KlusterAlert

Runbooks

Runbooks attach resolution steps directly to alert rules. When an alert fires, the notification includes a link to the runbook — so responders don't have to dig through wikis under pressure.

Attaching a runbook URL

The simplest approach: add a runbook URL to your alert rule. This can be a Confluence page, Notion doc, GitHub wiki, or any URL.

spec:
  description: "Pod entered CrashLoopBackOff"
  severity: critical
  condition:
    type: pod.status
    equals: CrashLoopBackOff
  runbook: https://runbooks.acme.com/crashloop   # shown as a button in Slack notification

Inline runbook markdown

For teams that prefer keeping runbooks close to the alert definition, write the runbook inline:

alert-rules.yaml
spec:
  description: "High memory usage on pod"
  severity: warning
  condition:
    type: pod.memory_used_pct
    operator: gt
    threshold: 90
    window: 5m

  runbookInline: |
    ## High Pod Memory — Resolution Steps

    ### 1. Identify the pod
    ```bash
    kubectl top pods -n {{ .namespace }} --sort-by=memory
    ```

    ### 2. Check for memory leaks
    Review recent deployments for changes to this service.
    Check application logs for OOM errors:
    ```bash
    kubectl logs {{ .resource.name }} -n {{ .namespace }} --tail=100
    ```

    ### 3. Immediate mitigation
    If memory is above 95%, restart the pod to restore service:
    ```bash
    kubectl rollout restart deployment/{{ .resource.name }} -n {{ .namespace }}
    ```

    ### 4. Long-term fix
    Increase the memory limit in the Deployment spec or fix the leak.

Template variables

Both the runbook URL and inline content support template variables populated at alert time:

VariableValue
{{ .cluster }}Name of the cluster (e.g. production)
{{ .namespace }}Kubernetes namespace of the affected resource
{{ .resource.kind }}Resource type: Pod, Node, Deployment, etc.
{{ .resource.name }}Name of the affected resource
{{ .severity }}Alert severity: critical, warning, or info
{{ .condition.type }}The condition type that fired (e.g. pod.status)
{{ .condition.value }}The value at the time of firing (e.g.
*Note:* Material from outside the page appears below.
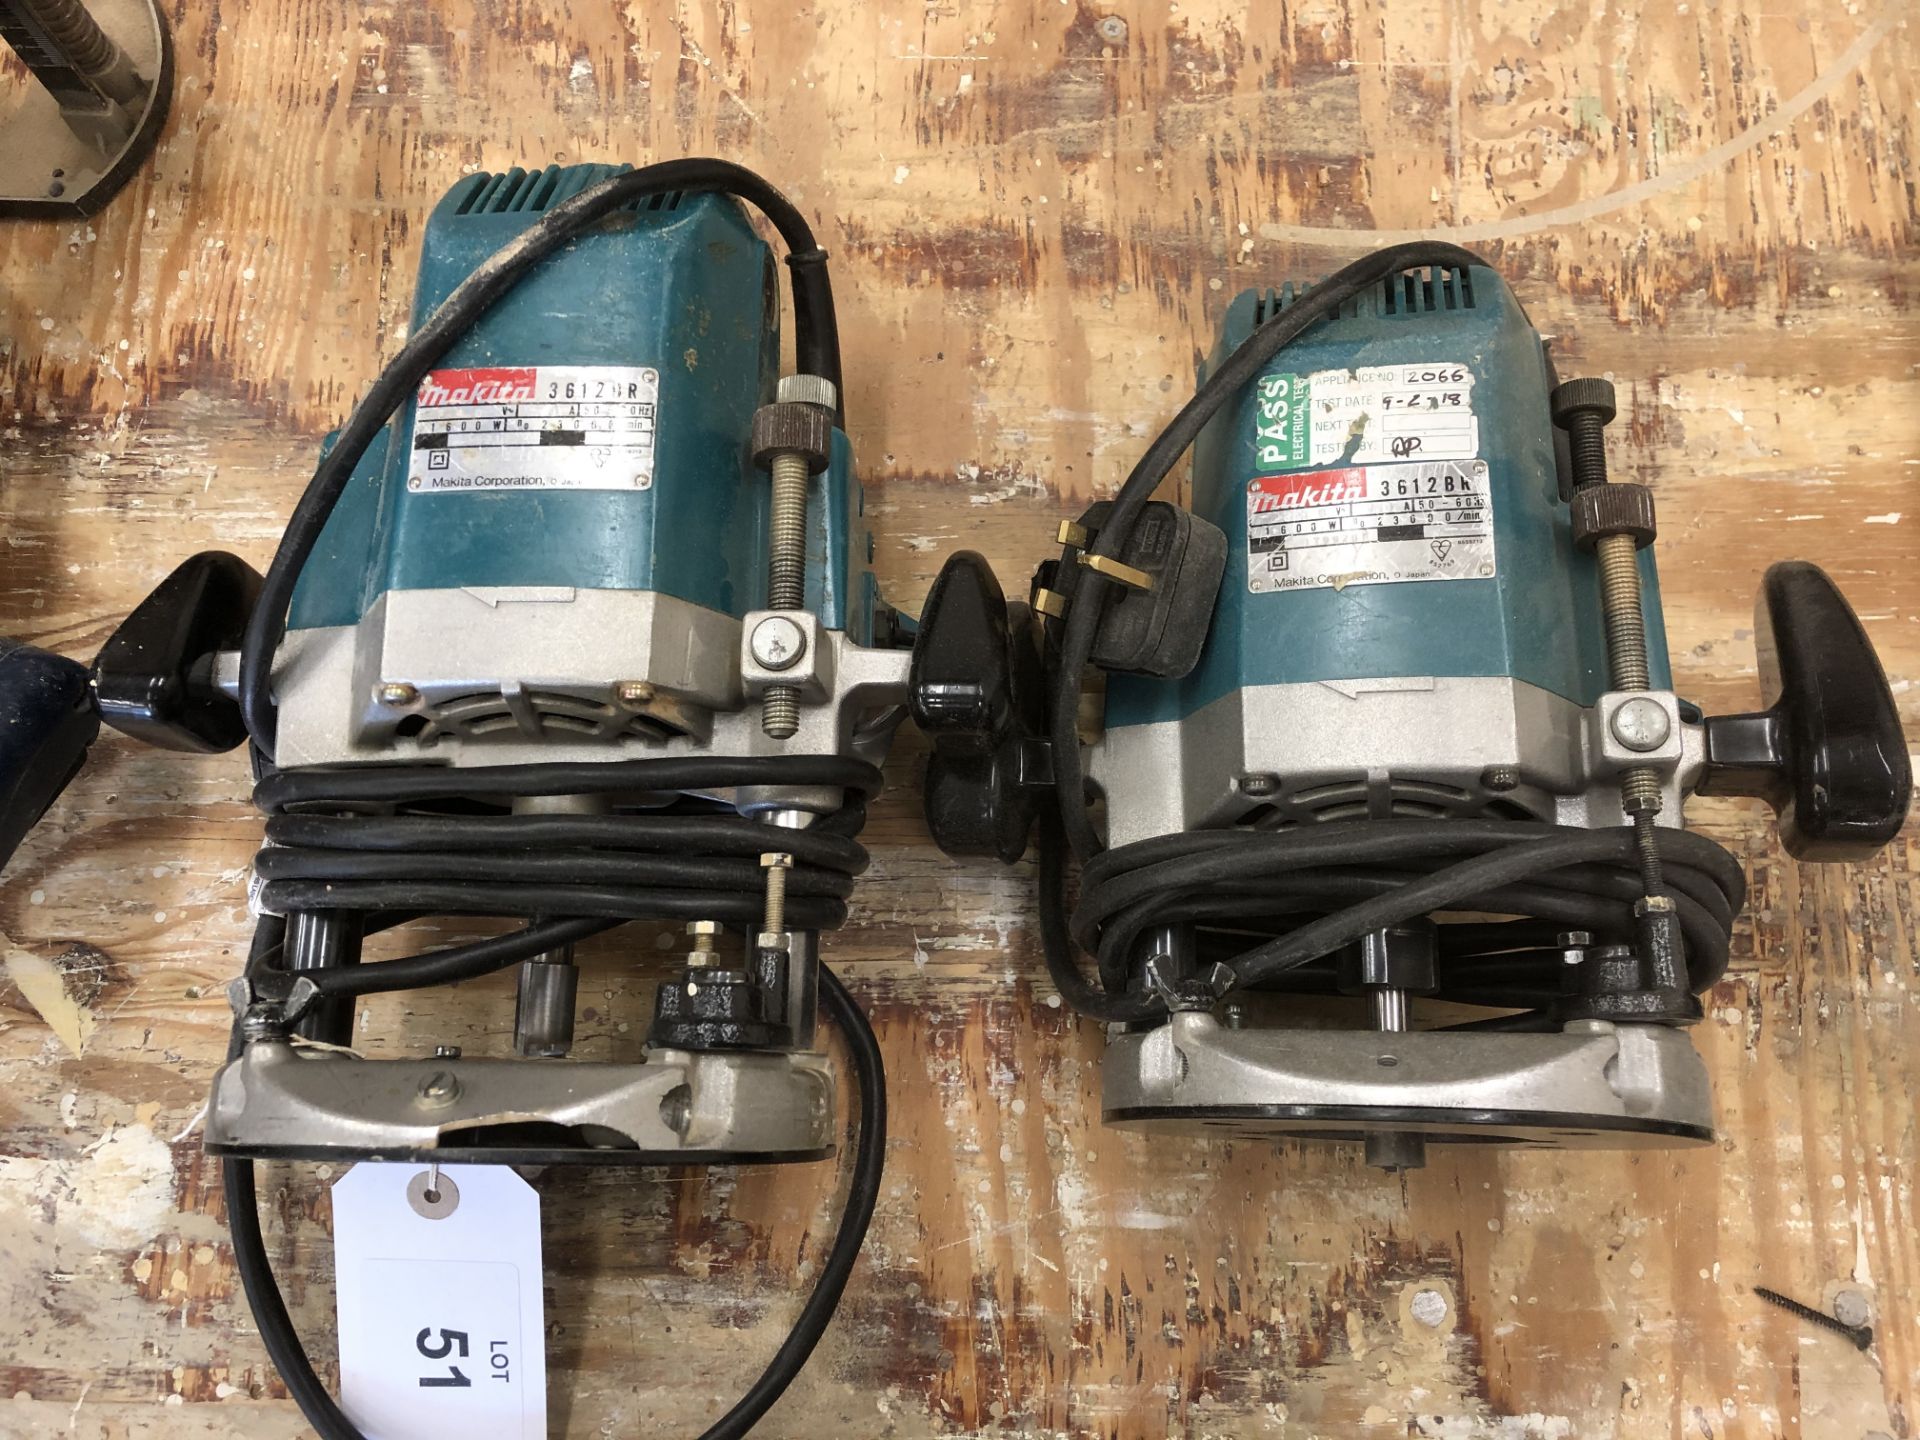 (2) Makita 3612BR Plunge Routers
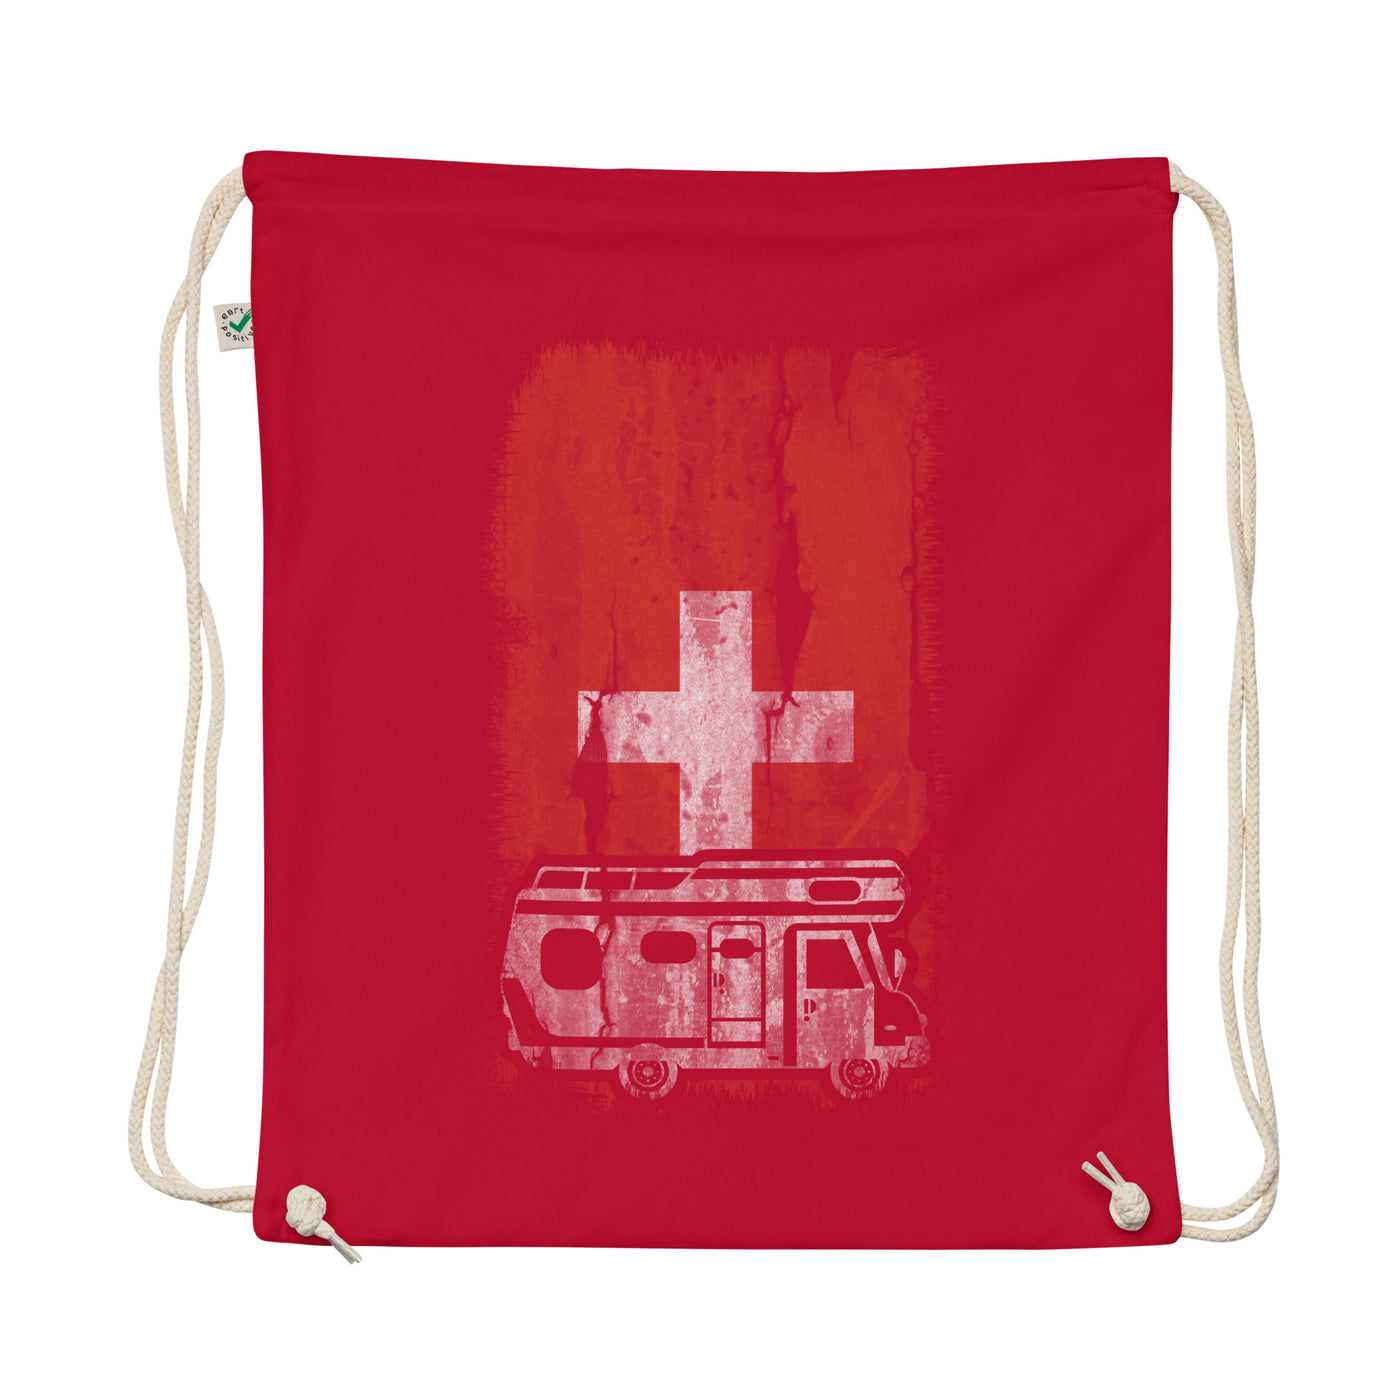 Swiss Flag And Camping - Organic Turnbeutel camping

CrashLoopBackOff)
{{ .firedAt }}ISO 8601 timestamp when the alert fired

Dynamic runbook URL

Use template variables in the runbook URL to deep-link directly into your wiki:

# Links to the specific runbook page for this alert rule name
runbook: https://wiki.acme.com/runbooks/{{ .ruleName }}

# Links to a Datadog dashboard filtered to the affected namespace
runbook: https://app.datadoghq.com/logs?query=namespace%3A{{ .namespace }}

Runbook templates library

KlusterAlert ships a set of ready-made runbook templates for common Kubernetes issues. Use them as starting points in the Runbooks section of the dashboard:

CrashLoopBackOff
Container restart loop — logs, describe, restart
OOMKilled
Out-of-memory — usage review, limit adjustment
PodPending
Scheduling failure — node capacity, taints, quotas
Node NotReady
Node health checks — kubelet, disk, network
High Memory
Memory pressure — top pods, leak diagnosis
Deployment Degraded
Partial rollout — replica status, rollback steps
Inline runbooks are stored with the alert rule definition and versioned alongside your Kubernetes config. External runbook URLs are not fetched or cached by KlusterAlert — make sure the URL is accessible to your on-call team.